Dronin-Fenton D, Dalvi T, Movva N, Pedersen I, Hansen H, Fryzek J, Mellemgaard A, Rasmussen T, Klein A, Hamilton-Dutoit S, Nørgaard M. PD-L1 expression and survival in stage III unresectable non-small cell lung cancer patients in Denmark. Abstract #2865. Accepted for presentation to a virtual meeting (due to COVID-19) of the European Society for Medical Oncology (ESMO), August 2020.
Abstract
Background
Anti-PD-L1 therapy improves the prognosis in advanced non-small cell lung cancer (NSCLC). We examined the association between PD-L1 expression and survival in unresectable stage III NSCLC patients treated with standard of care therapy.
Methods
We obtained data on unresectable stage III NSCLC patients (defined via American Joint Committee on Cancer staging and without surgery up to 120 days after diagnosis) diagnosed from 2001 to 2012 from the Danish Lung Cancer Registry. We retrieved clinical data from Danish population-based registries and paraffin-embedded tumor tissue from pathology archives. We assessed PD-L1 expression in tumors and tumor-infiltrating lymphocytes using the Ventana IHC (SP263) validated assay (≥1% threshold for positivity). Follow-up began at time of NSCLC diagnosis and continued to death, emigration, or 31/12/2014. We used Cox regression to compute hazard ratios (HRs) and associated 95% confidence intervals (95% CIs) for the association of PD-L1 expression with death, adjusting for age, sex, histology, Charlson comorbidity score, and age of the tumor specimen.
Results
Of 305 patients, 183 (60%) were men, 167 (55%) were >65 years at diagnosis.
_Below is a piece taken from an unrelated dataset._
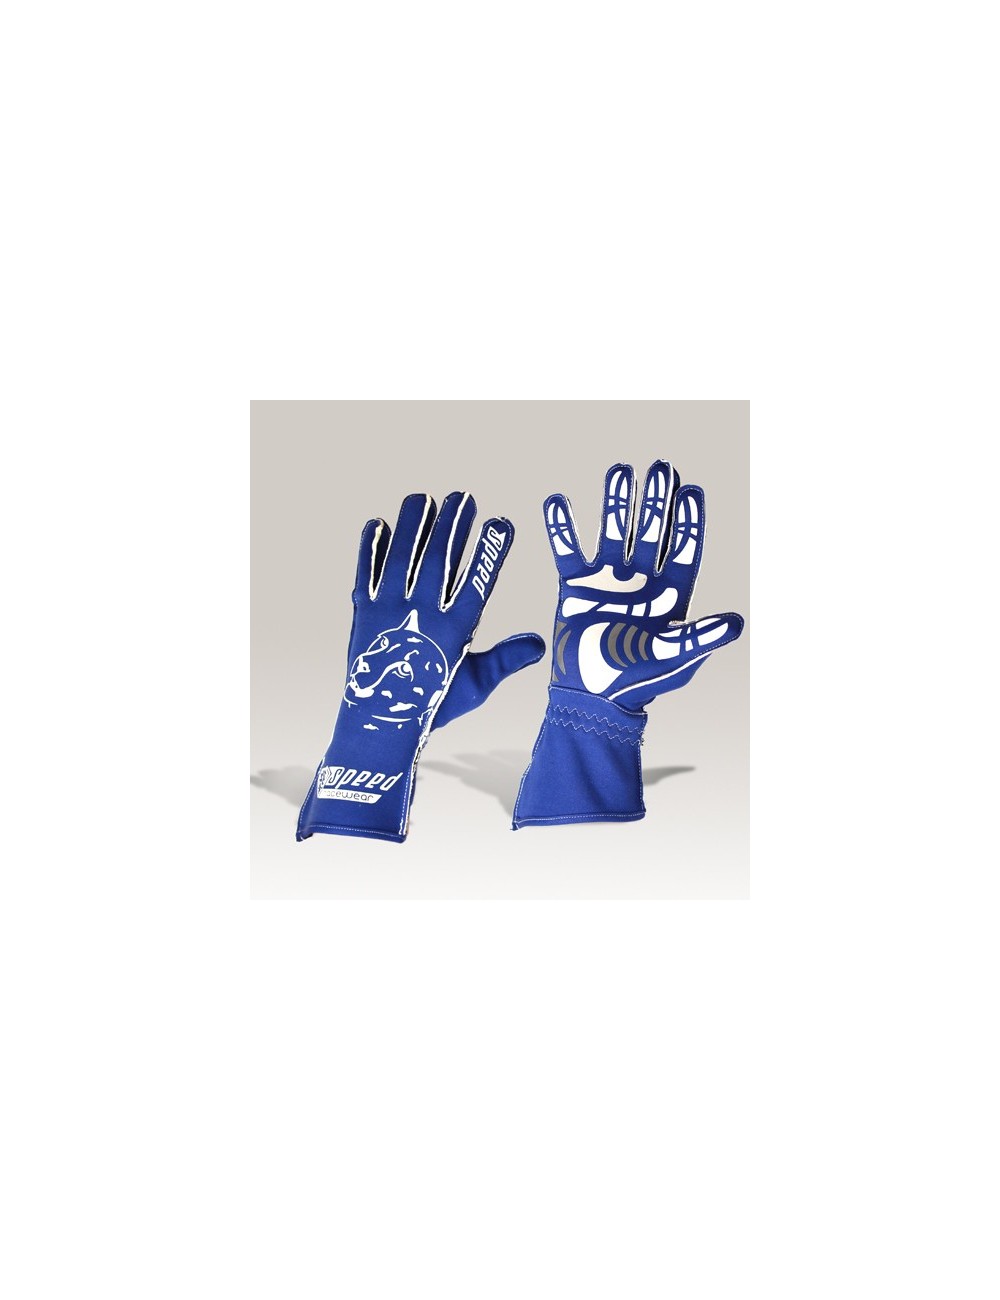 Speed Handschuhe Melbourne G-2  blau-weiß
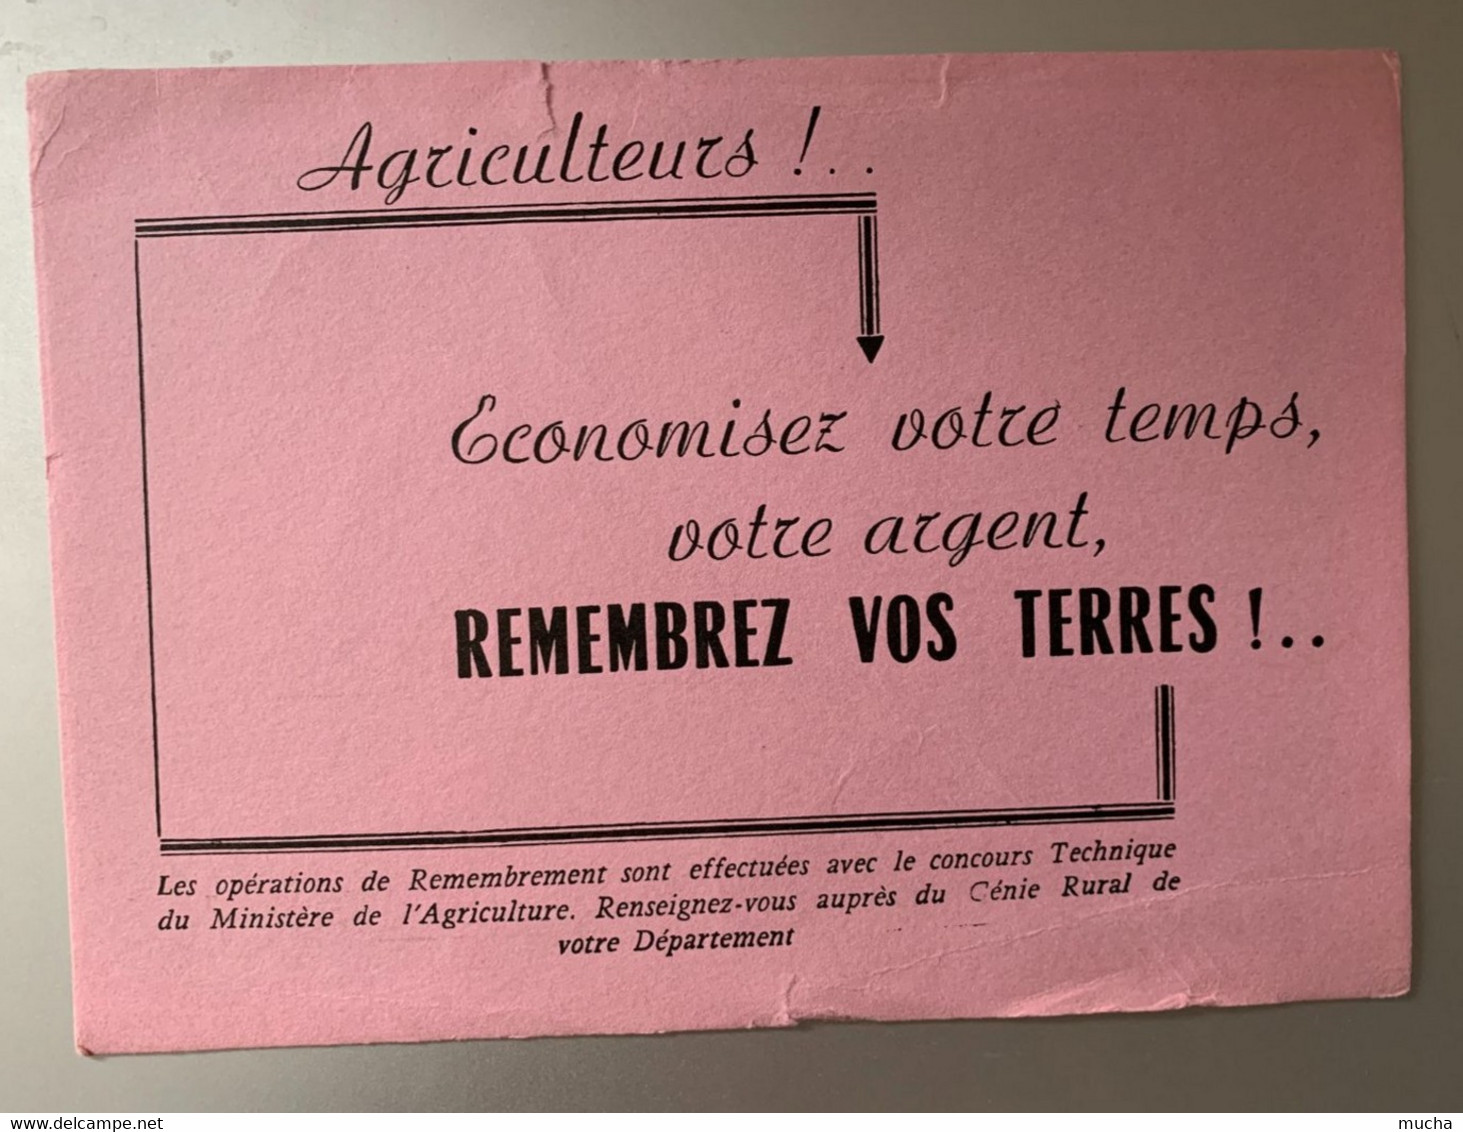 34 - Buvard Agriculteurs Economisez Votre Temps, Votre Argent Remembrez Vos Terres !! - Agriculture

Overall, 148 (49%) patients had adenocarcinoma, 117 (38%) had squamous histology. 149 (49%) had PD-L1 positive tumors (≥1%). Among PD-L1 positive tumors, 51% had stage IIIA, 49% had stage IIIB disease. Among PD-L1 negative tumors, 58% had stage IIIA and 42% had stage IIIB tumors. Tumor cell positivity for PD-L1 ≥1% vs PD-L1 <1% yielded an HR=0.83 (95%CI=0.63-1.10), while PD-L1 measured as a continuous variable yielded a HR=1.00 (95%CI=0.99-1.00). Immune cell positivity for PD-L1 ≥1% yielded HR of 0.51 (95%CI=0.39-0.68), compared with PD-L1 <1% . Tumor infiltration by immune cells measured as a continuous variable yielded an HR=0.96 (95% CI=0.93-0.99).
Conclusions
Findings from this Danish registry-based study suggests that PD-L1 expression in tumor-infiltrating immune cells may be associated with improved survival in unresectable stage III NSCLC patients. The implications of these findings on the effectiveness of PD-1/PD-L1 immunotherapy could not be investigated in this historical cohort.